In Egypt alone, where faba beans have been a breakfast staple since the dawn of civilisation, about 2,000 metric tons (dry weight) are consumed every day and nearly all of it is imported. The 'ful' is served with flat unleavened bread in homes, restaurants, cafés and from the brightly coloured Egyptian breakfast carts that are stationed on street corners in Cairo, Alexandria, Port Said, Aswan and all towns in-between.
The UK is a major supplier of faba beans to Egypt and the wider Middle East. Good quality, taste, value and a quick transit time (12 days) make 'ful-inglisi' a firm favourite, especially in the restaurant trade.
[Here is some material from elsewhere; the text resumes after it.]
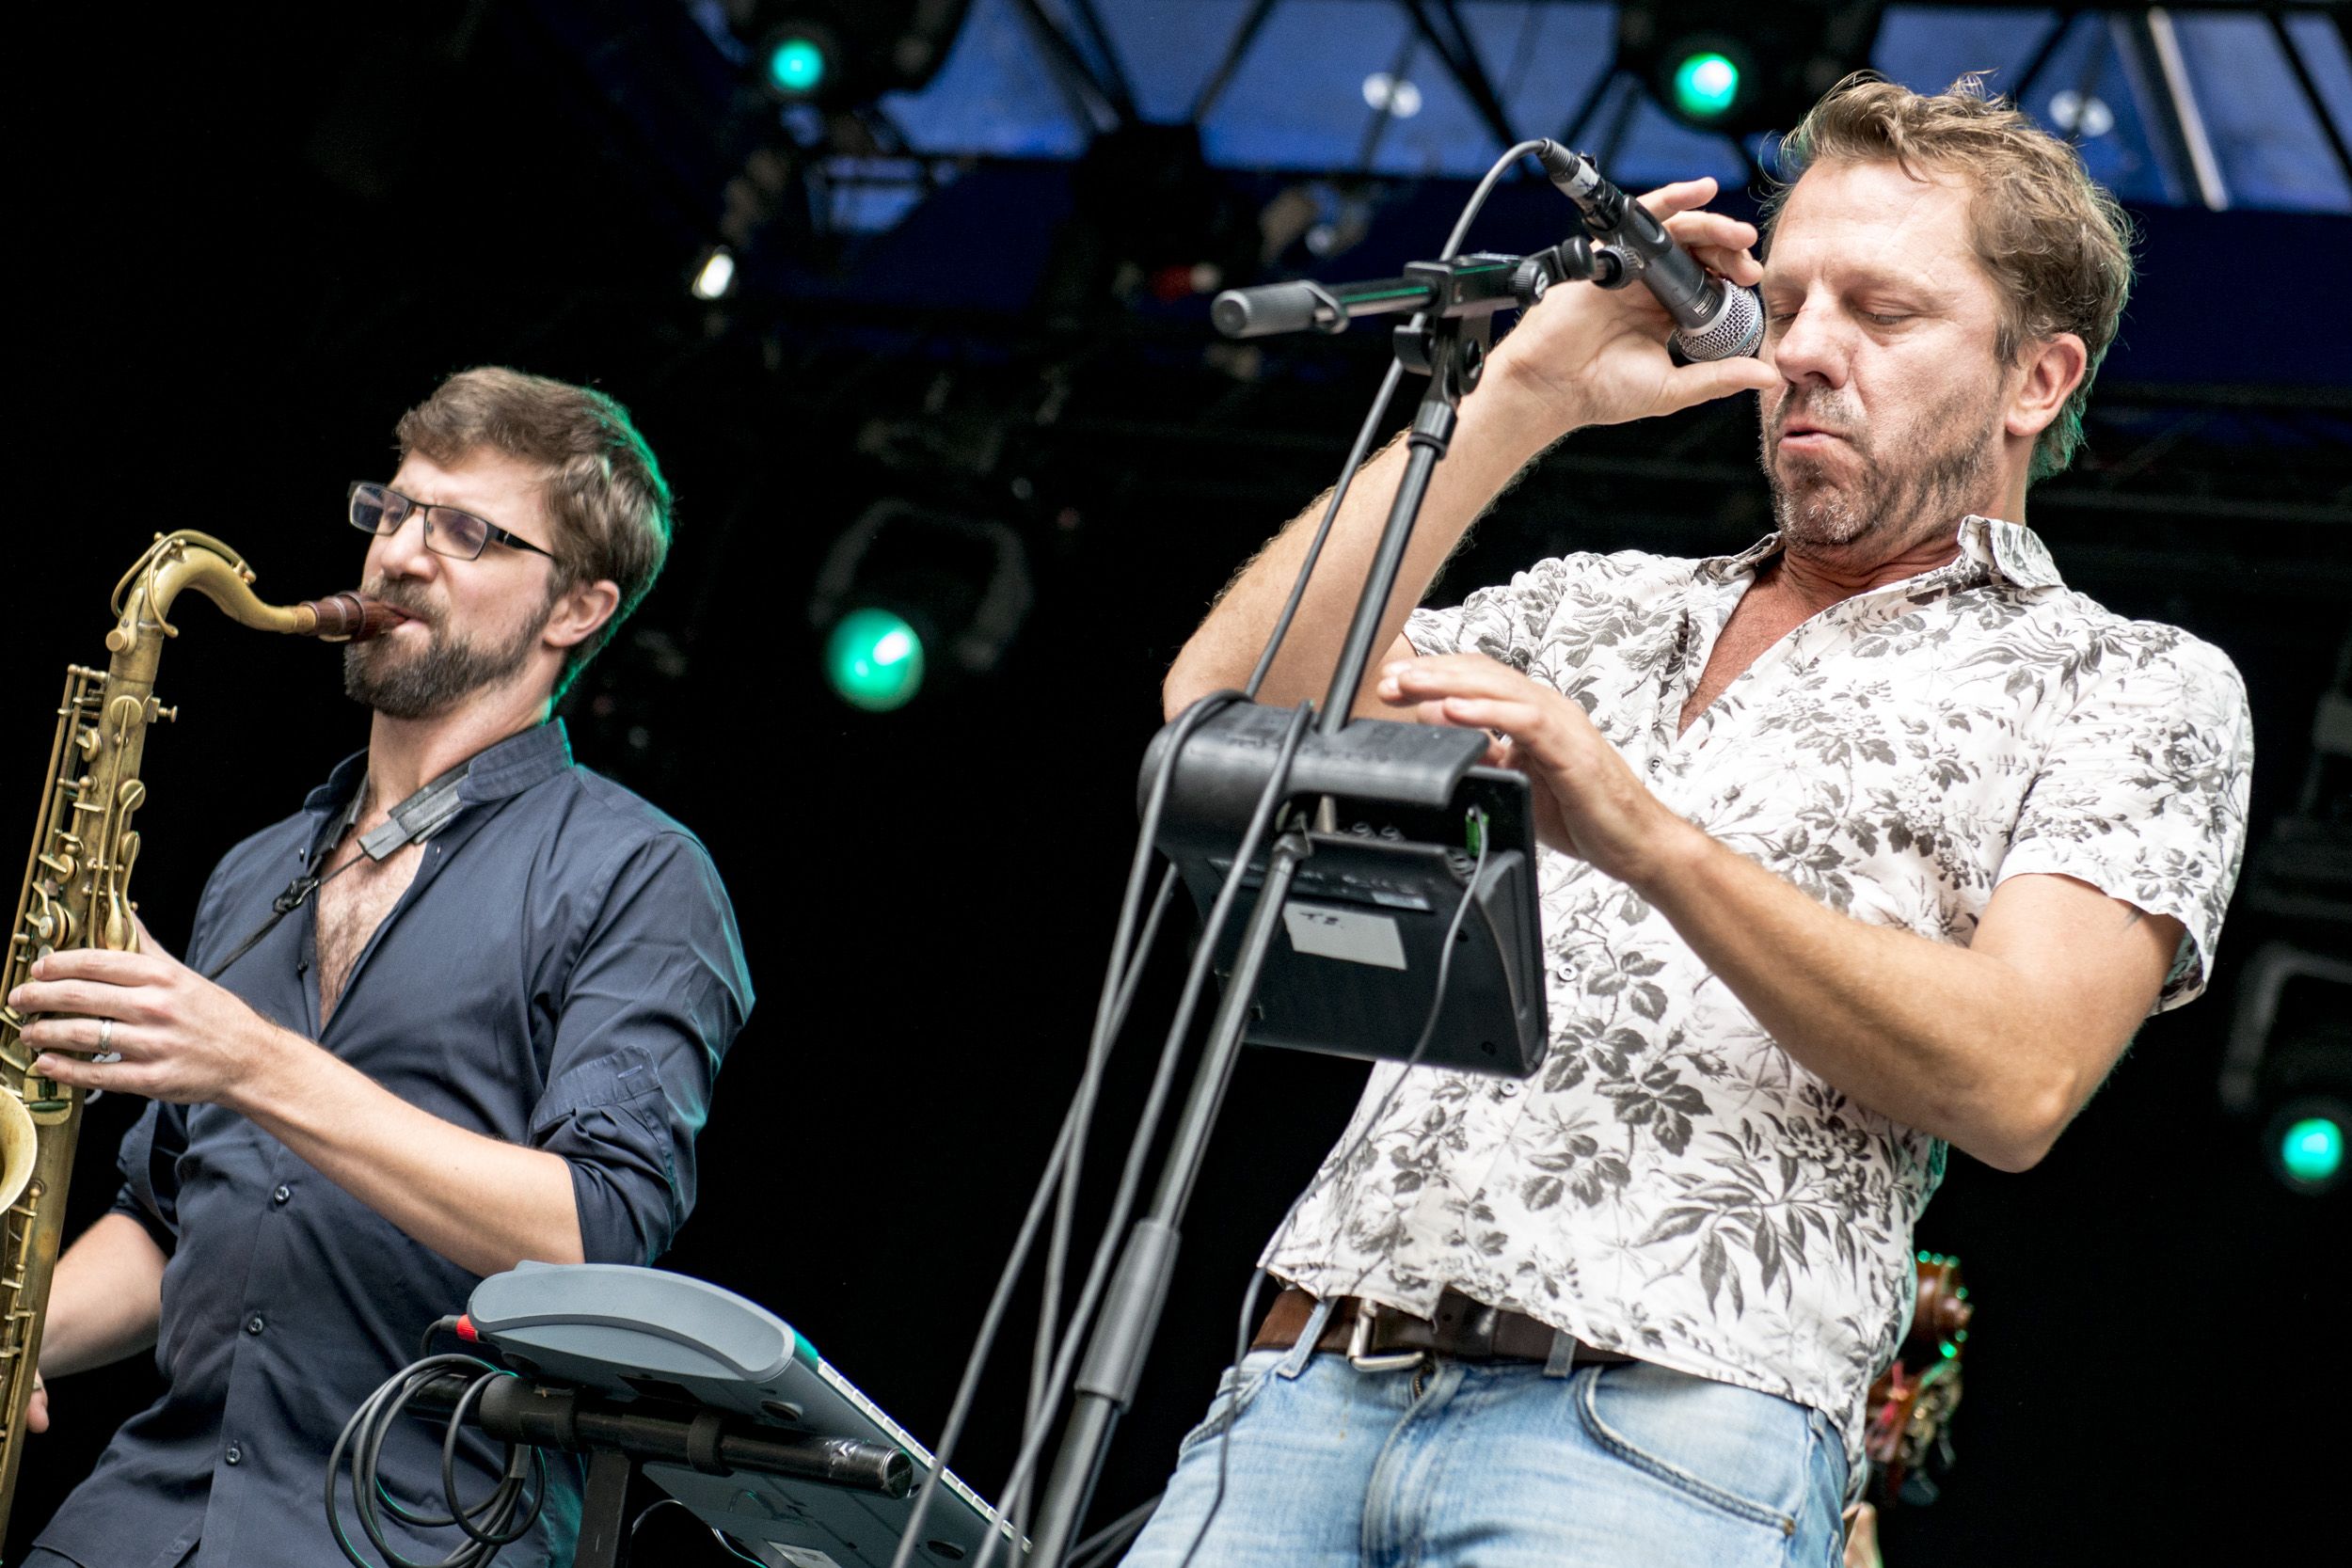 Taxiwars @ Cactusfestival 2017, Dag 2 (Nick De Baerdemaeker)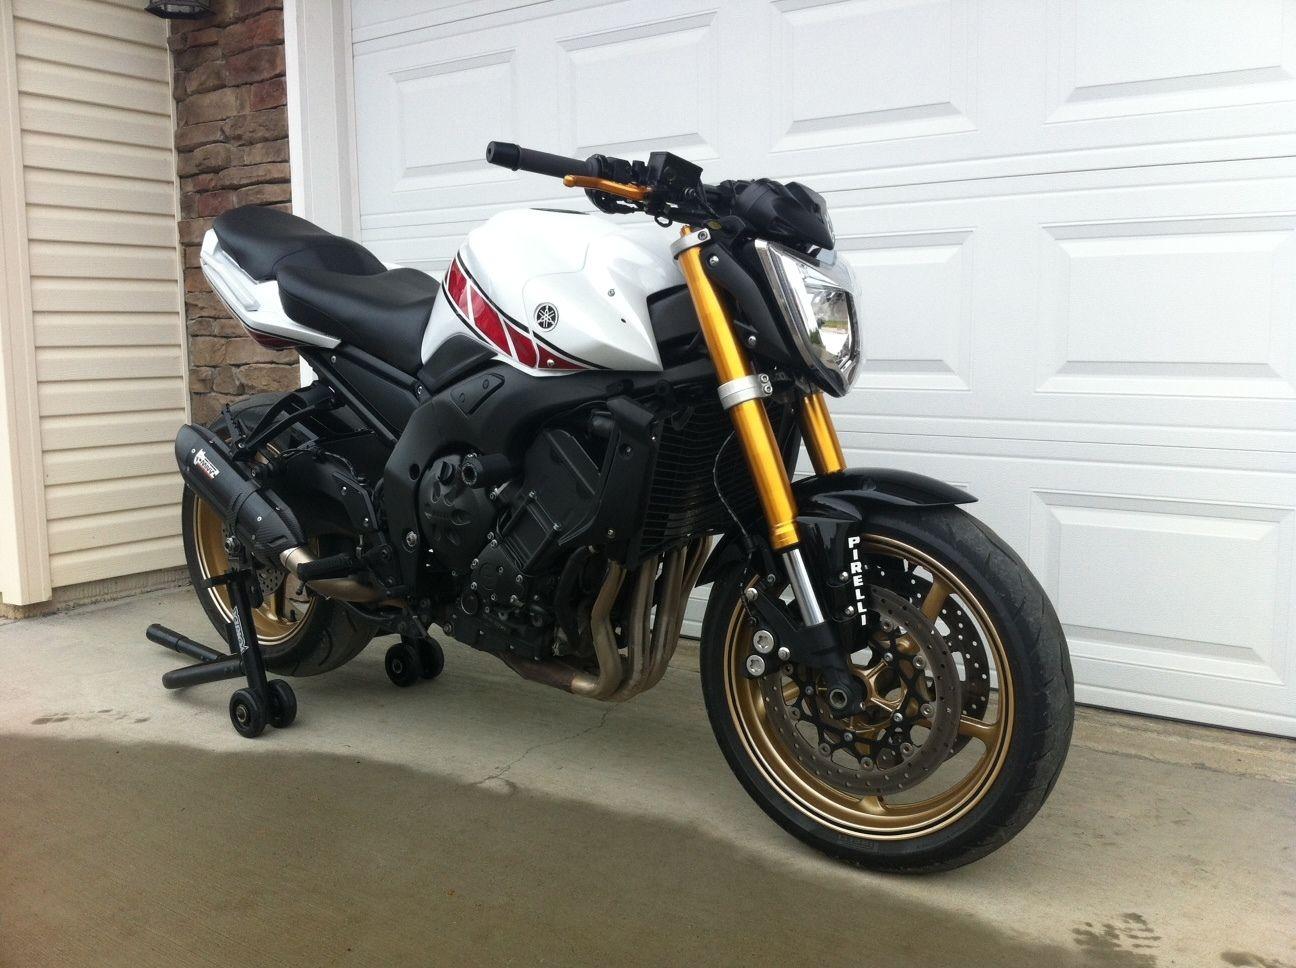 Yamaha FZ1N / FZ1 / Naked Fazer 1000 / Nationwide Delivery

IYOP (International Year of Pulses - 2016) is seen by the UK pulse trade as a unique opportunity to promote and encourage the production and consumption of UK grown pulses (faba beans and marrowfat peas). IYOP is a great platform, but promotion, as we all know, costs money. So, starting in July 2015, the UK pulse industry, through its trade association BEPA, is instigating a voluntary export levy of 10 pence (15 USA cents) on each metric ton of peas and beans exported. This will provide the trade with the money they need to strut their stuff both at home and abroad.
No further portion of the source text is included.